— Exercise details —
Copy out exactly, from the entries that follow, the line holding "NEUD Anti-Tanning Hair", the line holding "Moment At Home", and all lines between them, but no pictures.
*** Opening Material supplied ***
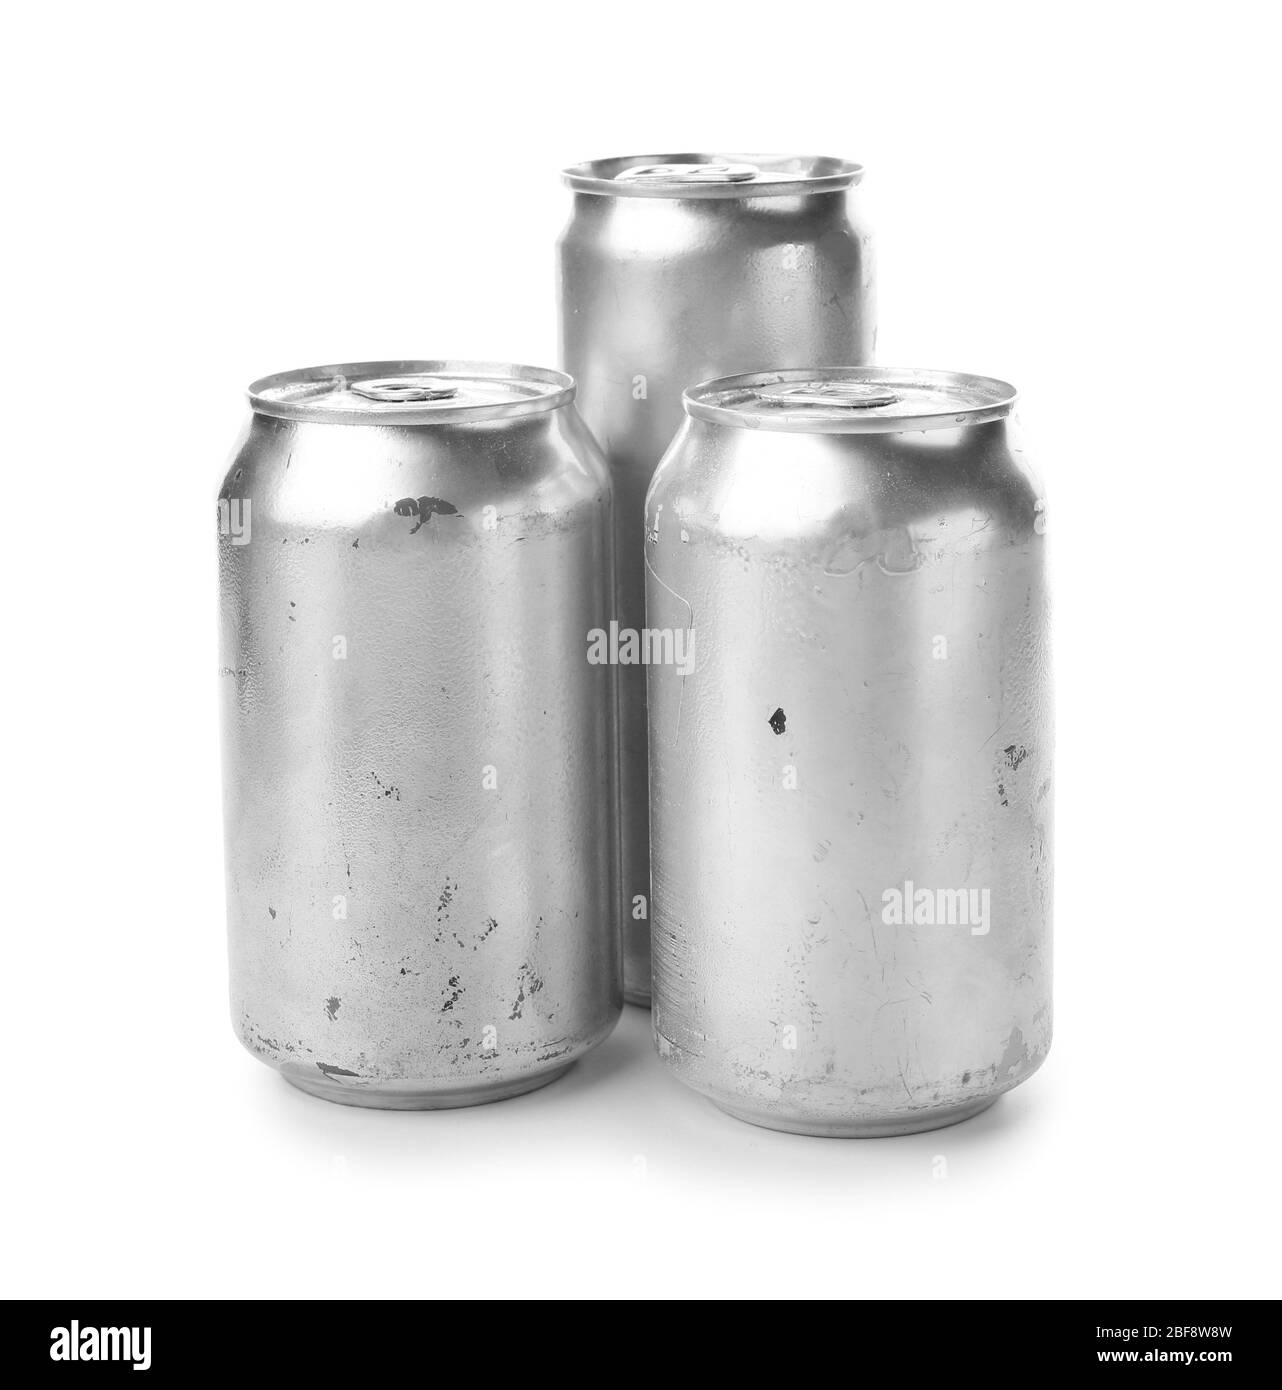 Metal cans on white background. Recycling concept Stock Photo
*** Closing Material supplied ***
*** Opening Material supplied ***
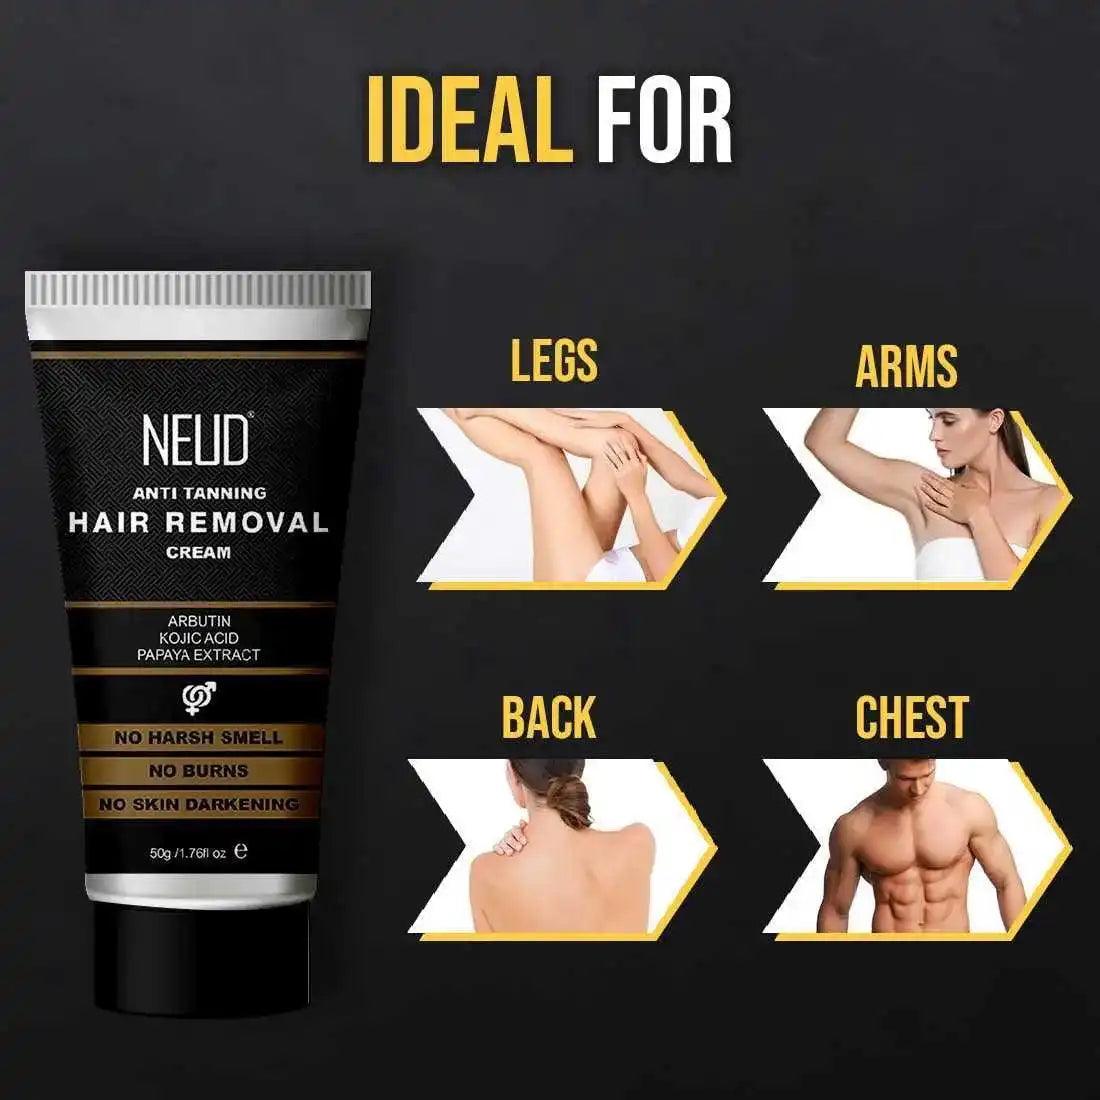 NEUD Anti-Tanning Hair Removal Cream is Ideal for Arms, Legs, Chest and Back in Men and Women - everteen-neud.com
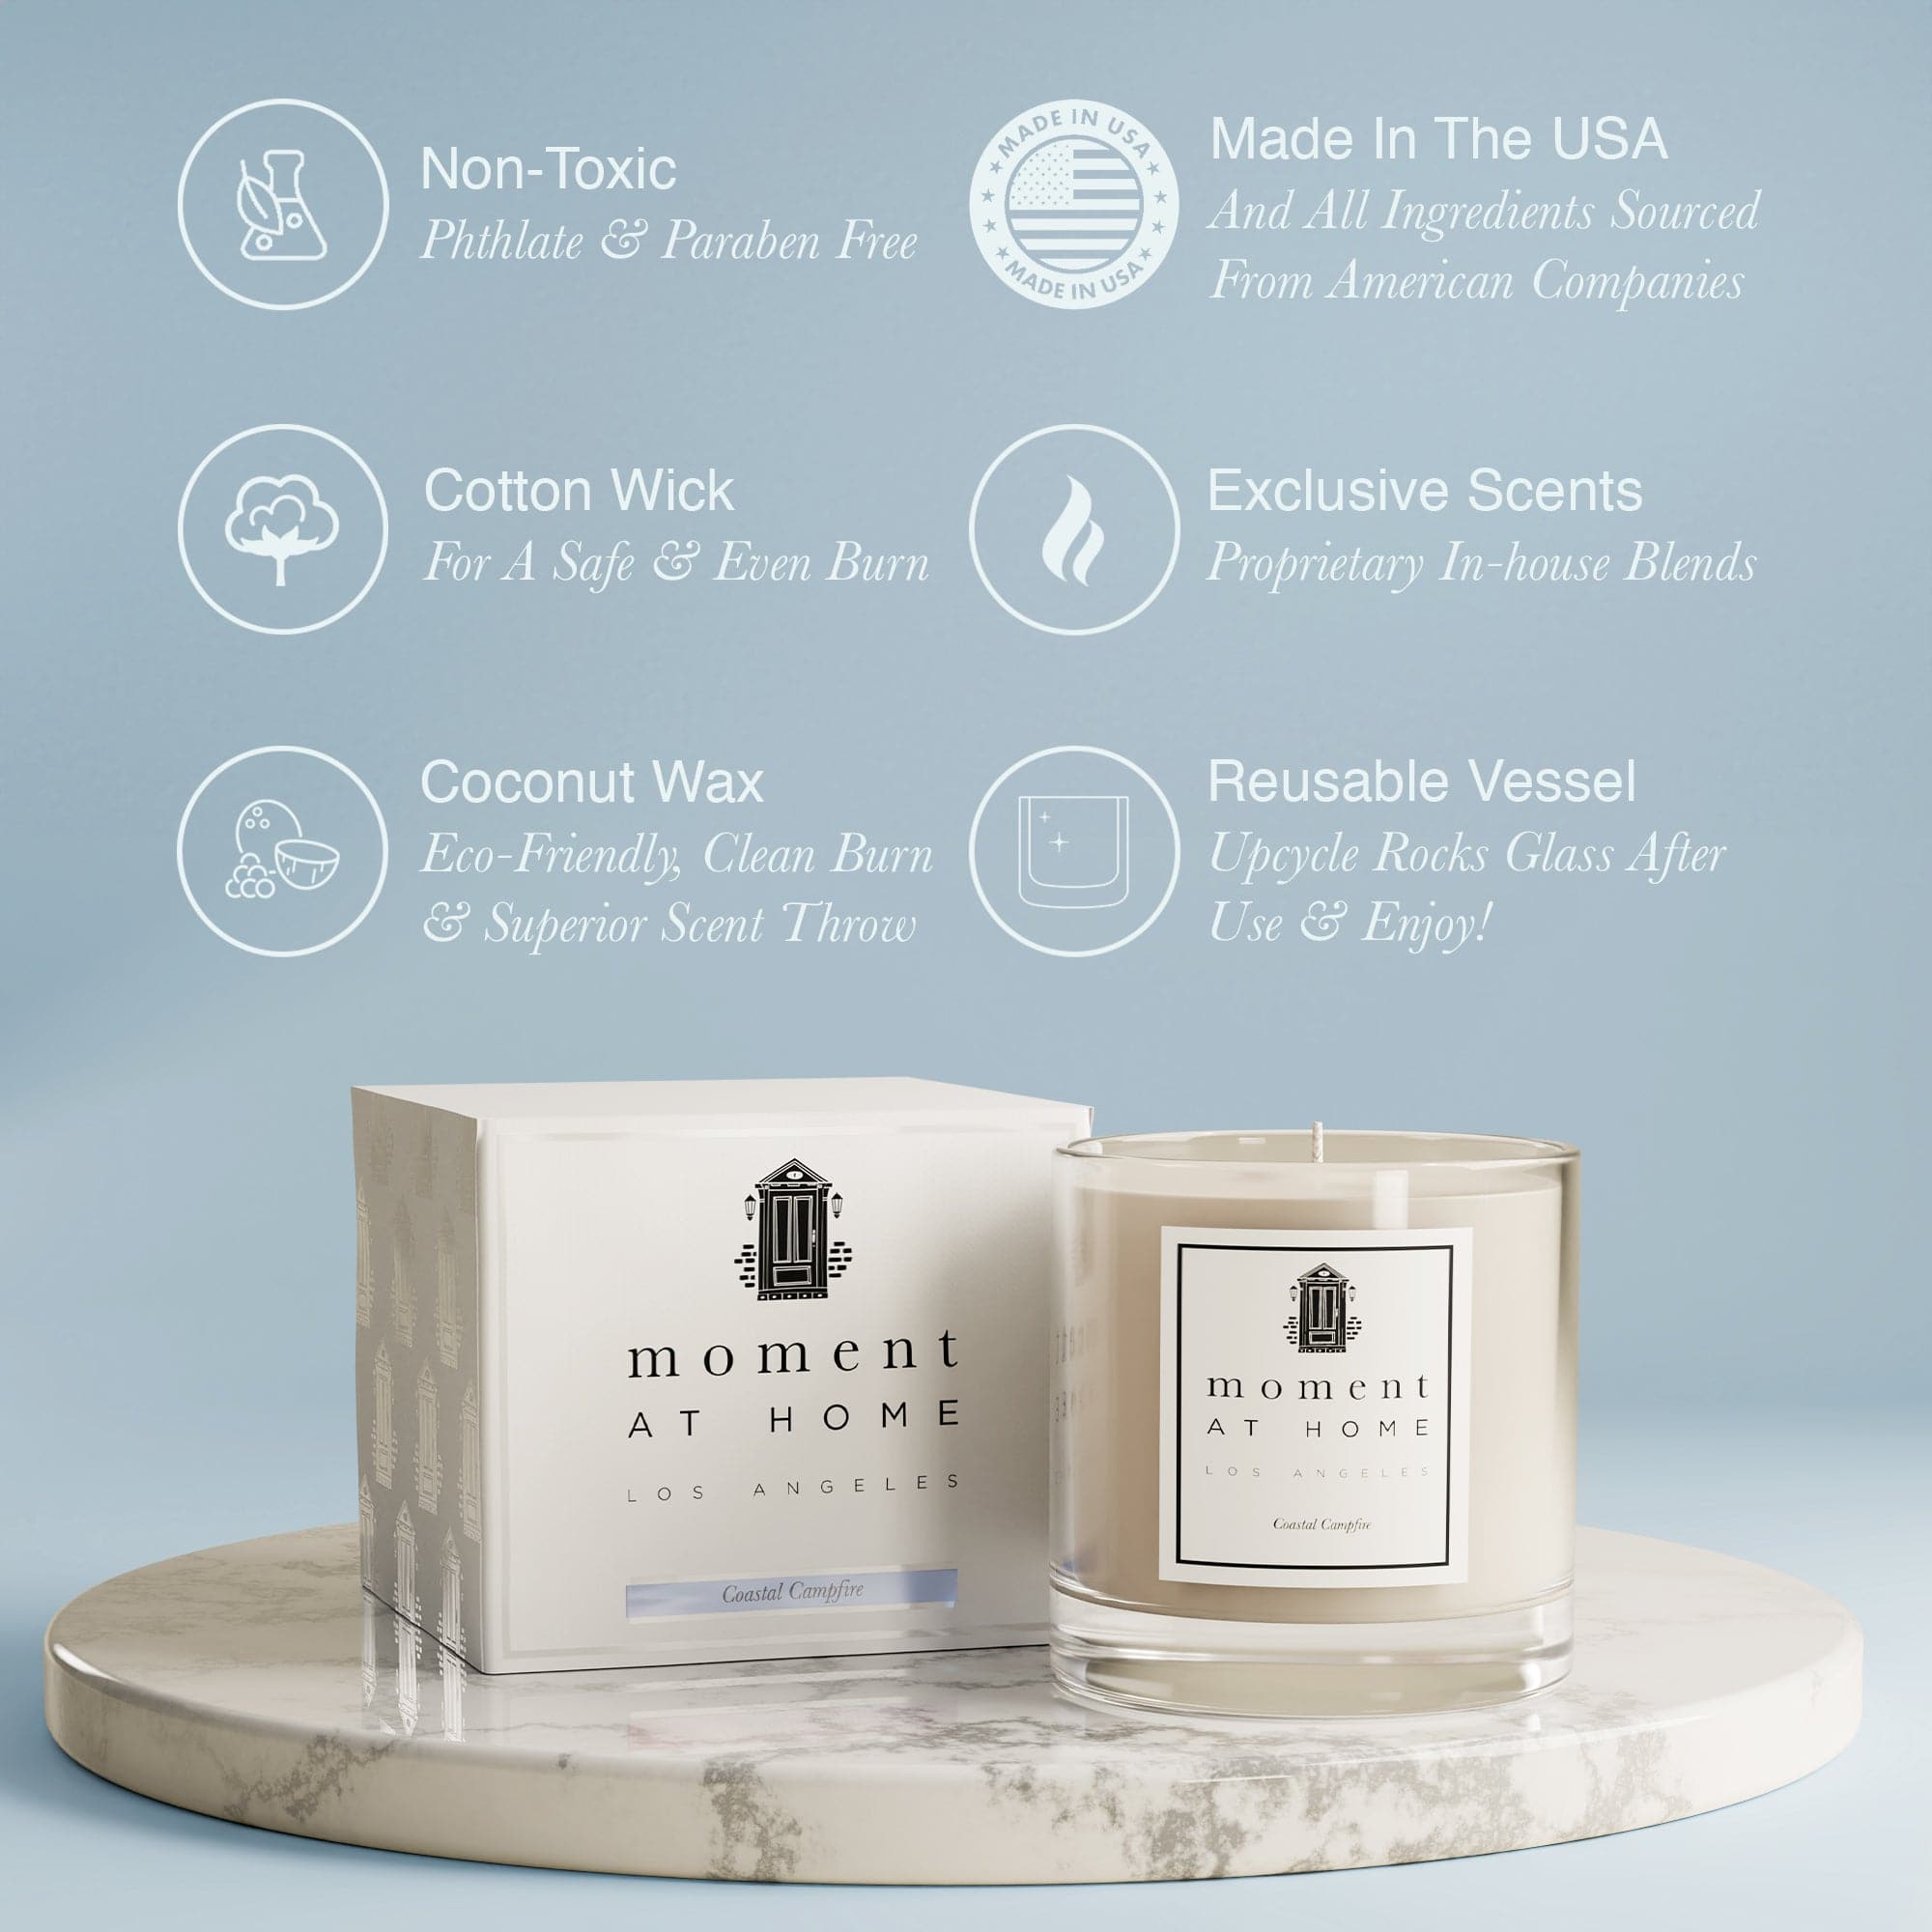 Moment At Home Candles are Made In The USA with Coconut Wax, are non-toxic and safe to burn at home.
*** Closing Material supplied ***
*** Opening Material supplied ***
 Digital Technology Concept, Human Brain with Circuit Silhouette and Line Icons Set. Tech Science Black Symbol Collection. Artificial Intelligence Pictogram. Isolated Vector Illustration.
*** Closing Material supplied ***
— Answer to this exercise —
 NEUD Anti-Tanning Hair Removal Cream is Ideal for Arms, Legs, Chest and Back in Men and Women - everteen-neud.com
 Moment At Home Candles are Made In The USA with Coconut Wax, are non-toxic and safe to burn at home.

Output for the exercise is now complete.